En este contexto, el 21 y 22 de abril la elección del Colegio Público de la Abogacía de la Capital Federal importa. Importa porque el Colegio debe funcionar como una balanza institucional capaz de defender la profesionalización, sostener la ética pública, formar a los y las matriculadas para los nuevos desafíos y actuar como puente entre universidad, profesión y Justicia. Esa línea ya se expresó con hechos concretos cuando el Colegio dio el respaldo a la reforma del sistema de concursos para jueces, la acción judicial promovida frente a la reforma laboral y el rechazo firme a los divorcios administrativos y a las sucesiones notariales, precisamente porque detrás del discurso de la simplificación muchas veces se esconde una degradación de garantías, honorarios e incumbencias. En este punto, la continuidad de una línea institucionalista, democrática y técnicamente sólida, como la que representó Ricardo Gil Lavedra en los últimos años y que hoy expresa la candidatura de Alejandra García, emerge como una herramienta indispensable para intervenir con seriedad en uno de los momentos más delicados del sistema judicial argentino.

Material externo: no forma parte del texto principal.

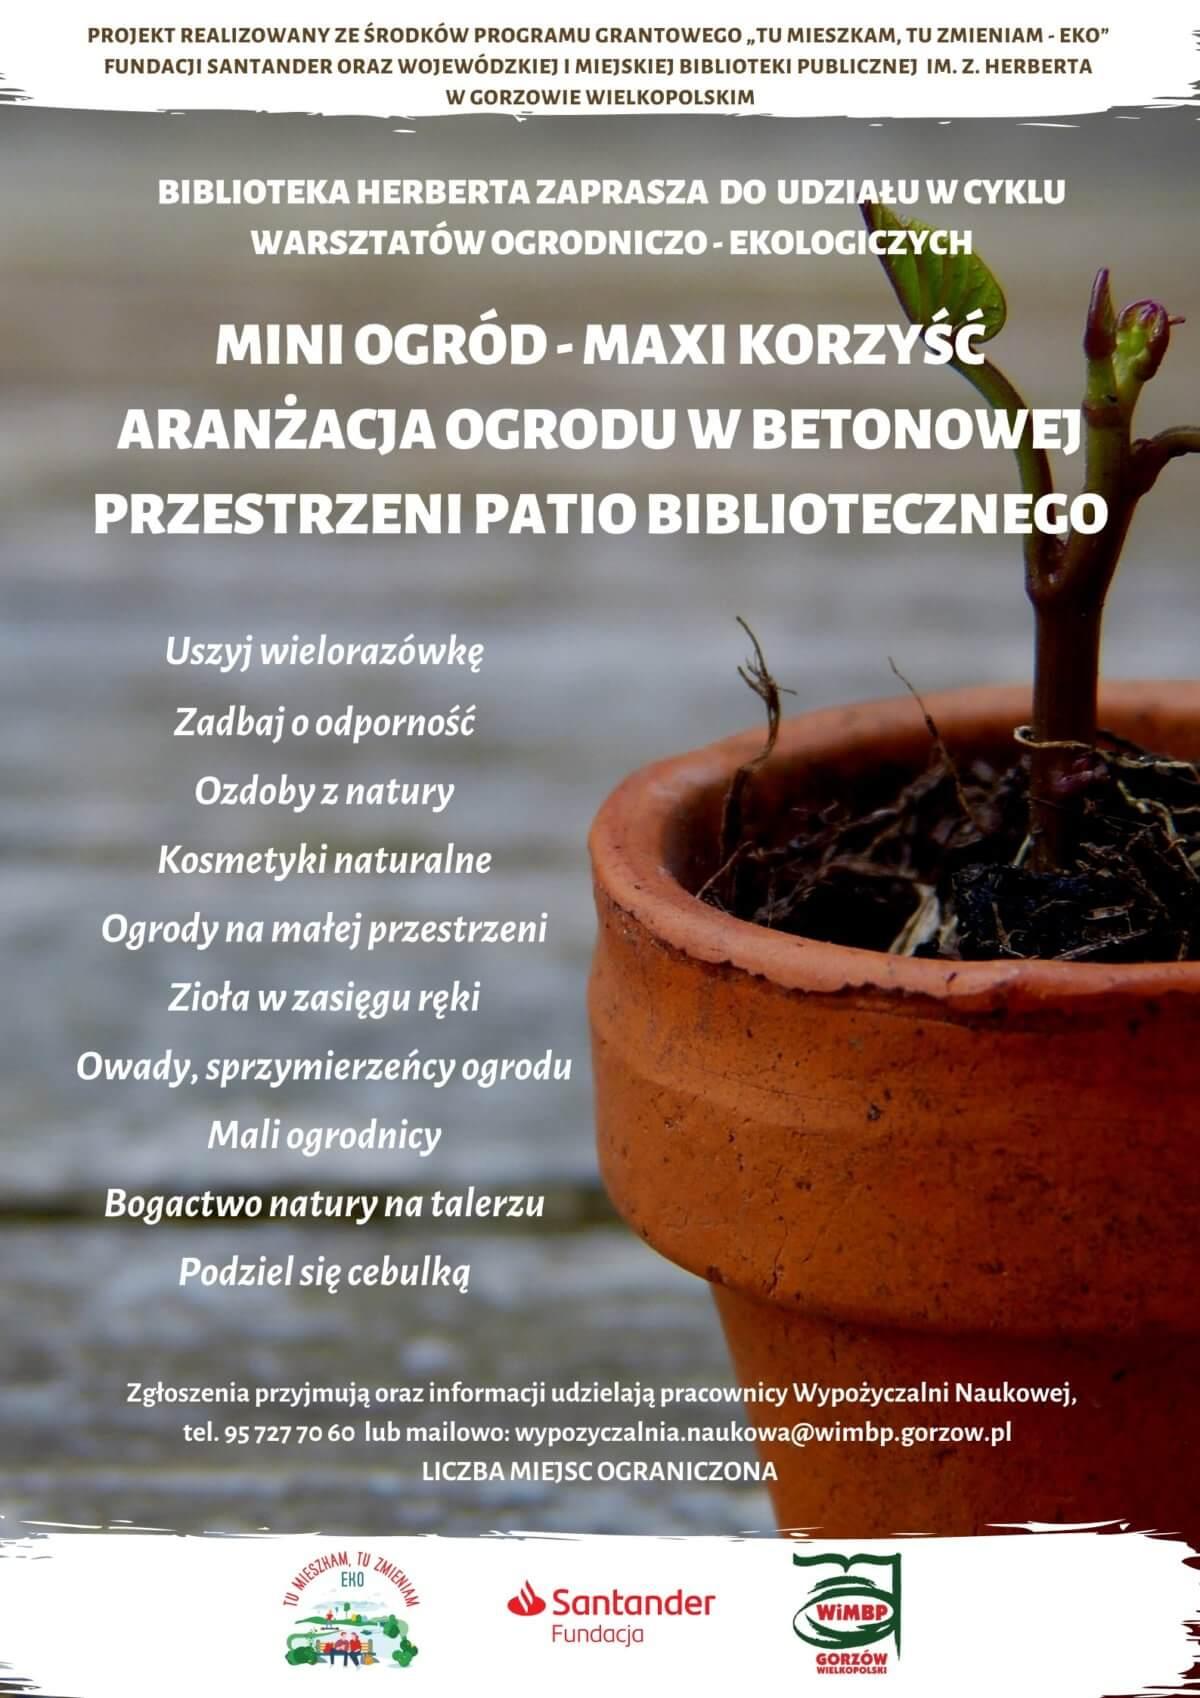 Projekt Tu mieszkam, tu zmieniam - EKO Gorzów Wielkopolski

La Argentina necesita una Justicia más rápida, sí. Pero, sobre todo, necesita una Justicia más clara, más confiable y más profesional. Una Justicia capaz de procesar mayor volumen de trabajo sin resignar garantías, de incorporar tecnología sin perder control crítico y de acercarse a la ciudadanía sin degradar la defensa técnica. Ese es el horizonte que deberíamos discutir: no para administrar la crisis del presente, sino para construir una salida institucional que esté a la altura de la democracia, de los derechos humanos y de las exigencias de nuestro tiempo.

La oportunidad existe, pero no se va a aprovechar sola. Hace falta conducción, formación, coraje institucional y una agenda clara para ordenar un sistema que hoy sigue bajo tensión. La Justicia no va a recuperar legitimidad por inercia. Hay que reconstruirla. Y para eso hace falta una abogacía preparada para defender algo más que una profesión: una abogacía dispuesta a defender la calidad institucional de la Argentina.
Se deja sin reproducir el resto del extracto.